Noah Rosenberg, a biology professor at Stanford University, said Erlich’s study “shows that the Golden State Killer case was not an anomaly.”
“In a pretty large fraction of cases, it would be possible to use the technique used in that case to identify the contributor of a DNA sample,” said Rosenberg, who was not involved in that study but is senior author of a separate study also published Thursday in the journal Cell.
In his study, Rosenberg and his co-authors wanted to see “if databases commonly used in forensic genetics can communicate with databases commonly used in biomedical, genealogical and personal genomics research.”
DNA evidence has been admissible in US courts since the late 1980s, and since then law enforcement has been collecting DNA. Because each type of database uses “different pieces of the genome,” Rosenberg said, the technique used in his study was different from the method employed in the Golden State Killer case.

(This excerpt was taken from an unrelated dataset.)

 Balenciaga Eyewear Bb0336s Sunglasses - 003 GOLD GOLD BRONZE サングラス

One of the pathologists had preserved a DNA sample from the killer, and this allowed the cold case investigators to go back, resequence and identify more genetic markers than found in typical forensic reports, Rosenberg explained. “If the DNA sample is not available to do that, then what might typically be available would be the forensic genetic markers.”
With less data available to law enforcement, what happens when investigators do not have the ability to retest a DNA sample?

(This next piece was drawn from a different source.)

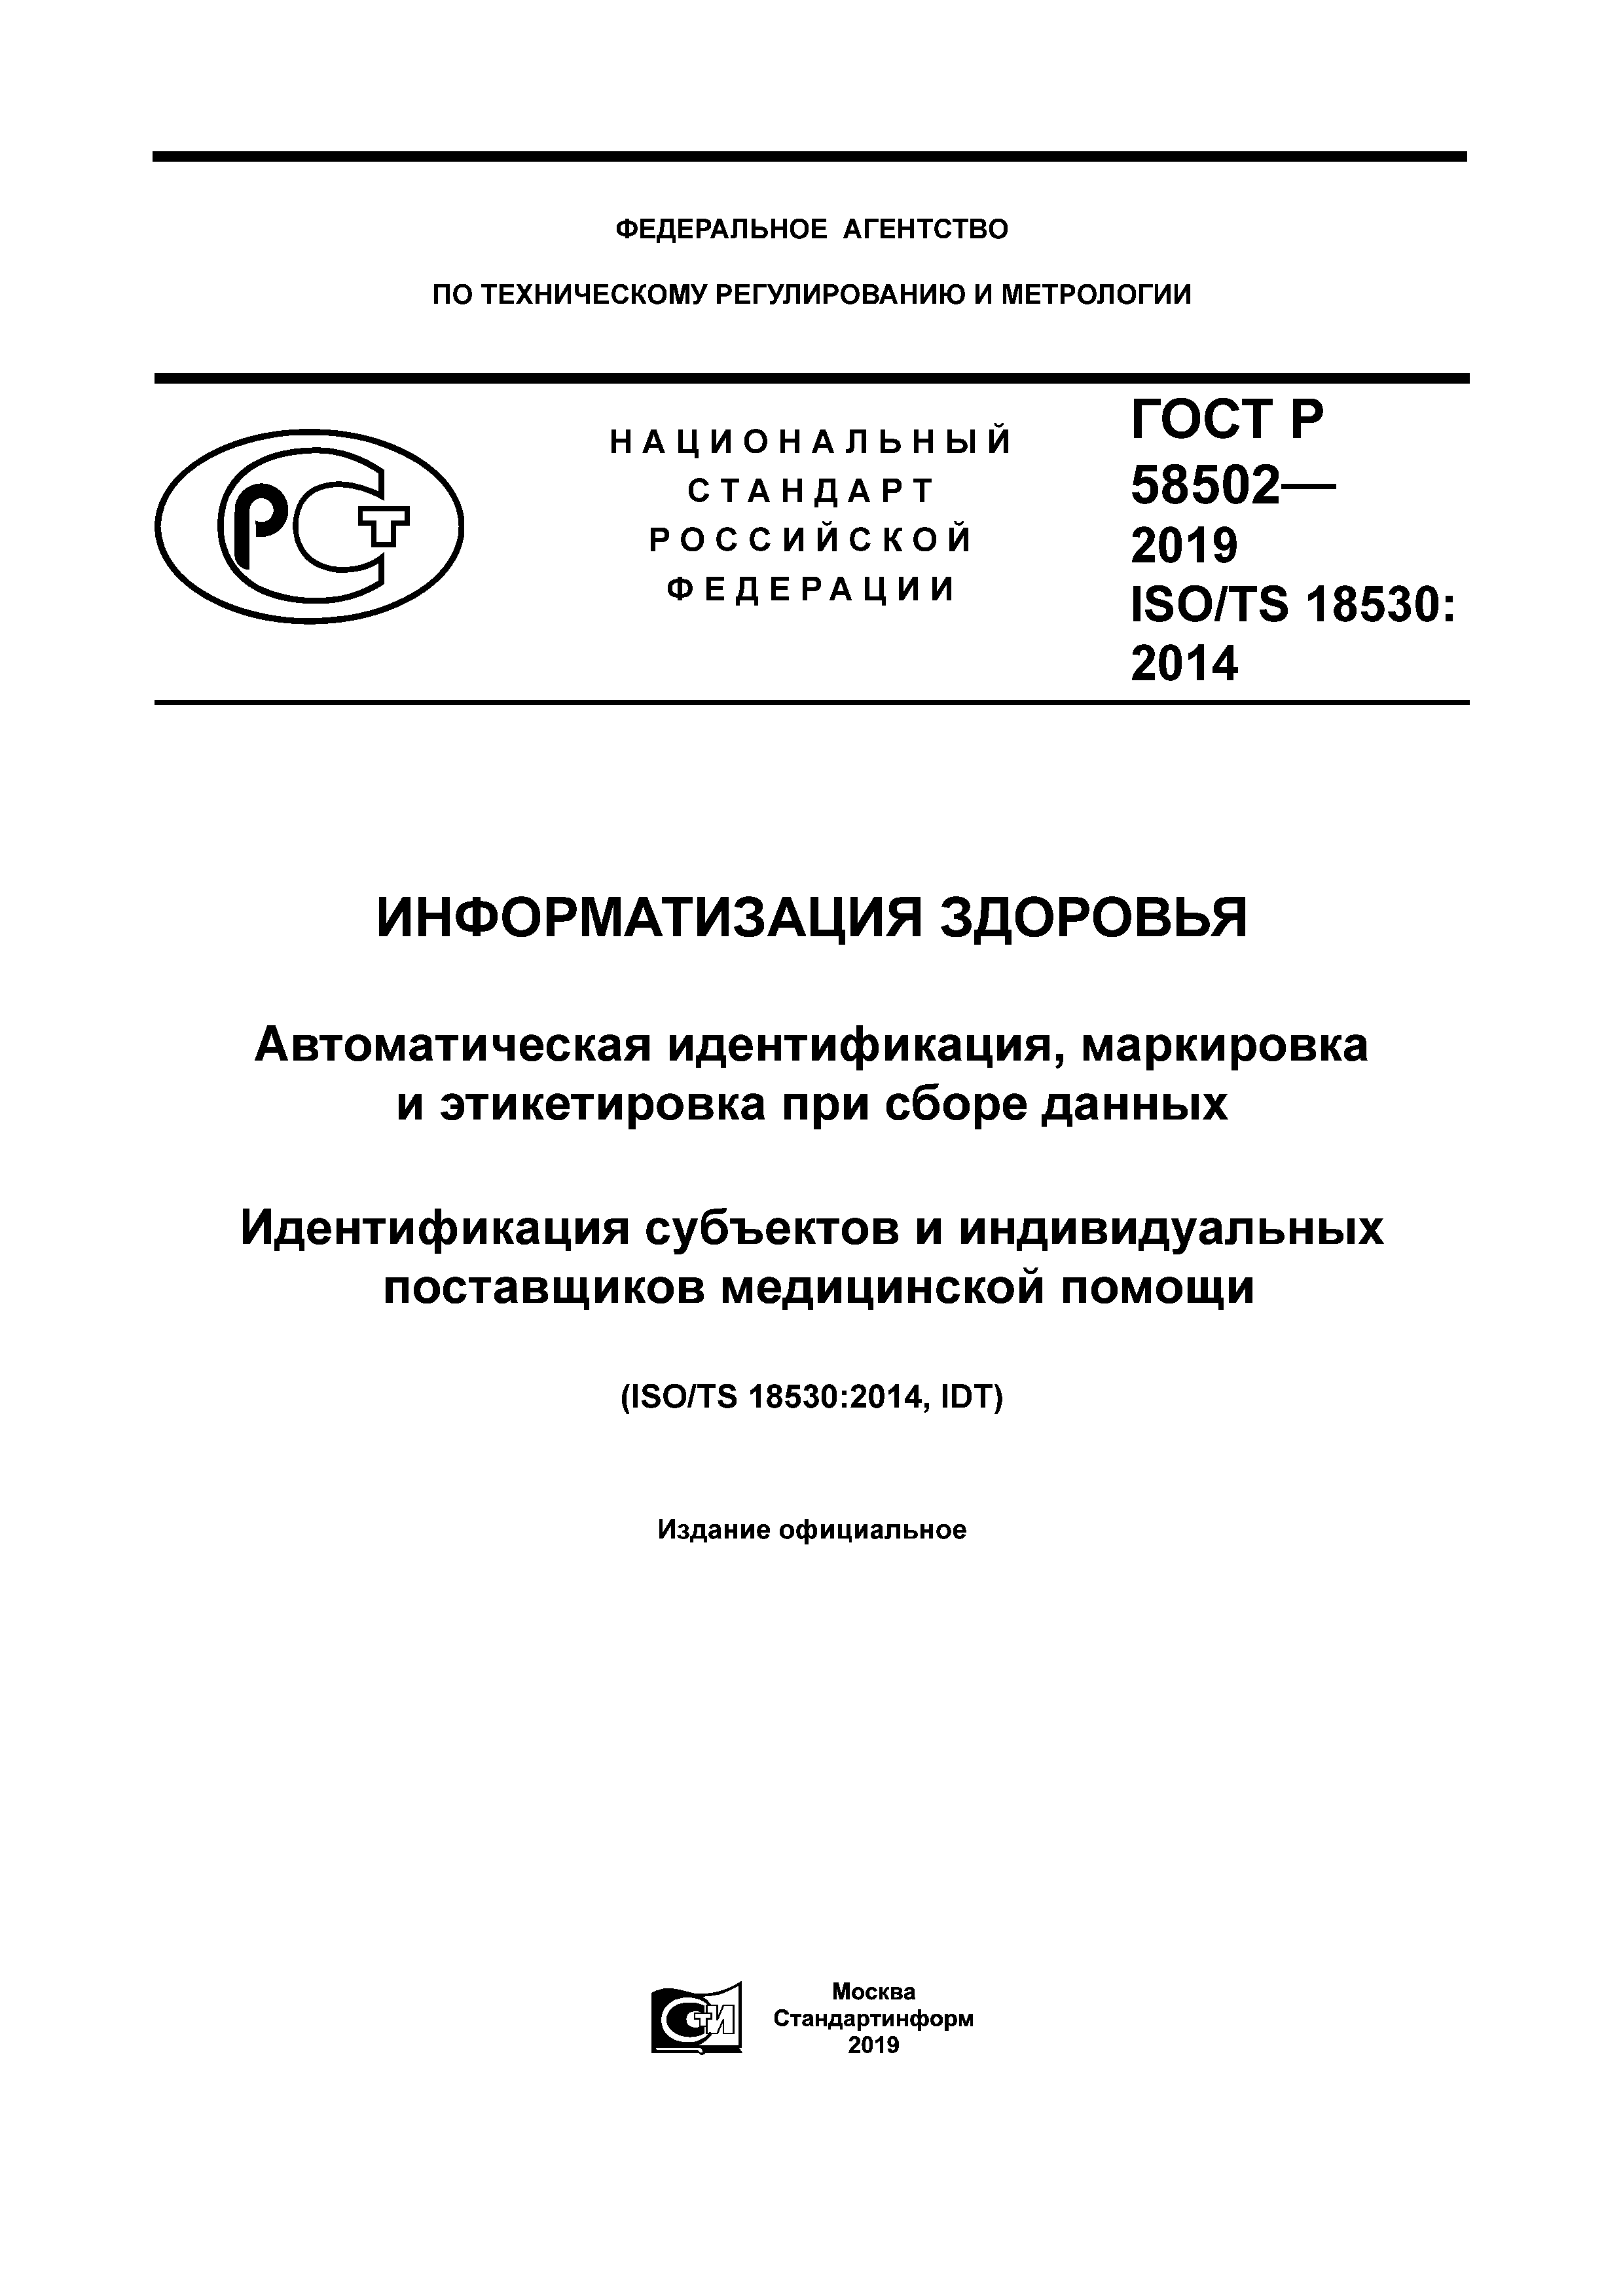 ГОСТ Р 58502-2019

“It’s scientifically possible for links to be made between different types of database,” Rosenberg said. “We were able to find matches between samples in databases of non-overlapping genetic markers more than 90% of the time when they were samples from the same individual and around 30% of the time when they were samples from close relatives.
“Different databases constructed for different purposes might independently not provide enough information to reveal a person’s identity but by combining information from multiple databases identifications can be made,” he said.
His and Erlich’s studies “are both about this principle that connecting multiple databases reveals information that’s not contained in either databases and that might not be intended by the people who have made those databases,” he said.
Rosenberg hopes his study “will help catalyze a conversation among many different stakeholders in forensic genetics, genetic privacy and ancestry testing.”
Erlich and his co-authors concluded the study with ideas for reducing misuse of genetic databases. First, they call for changes to rules that allow discarded material in clinics to be subject to genetic testing. Requiring the consent of individuals before testing would “give better protection to human subjects,” Erlich said. They also suggest that consumer genetic companies adopt a better strategy of encryption so that there is a “technical means to differentiate between legitimate and illegitimate searches.”
Rosenberg said, “those ideas merit some discussion. Another idea could be about what type of information is viewed as admissible in court.”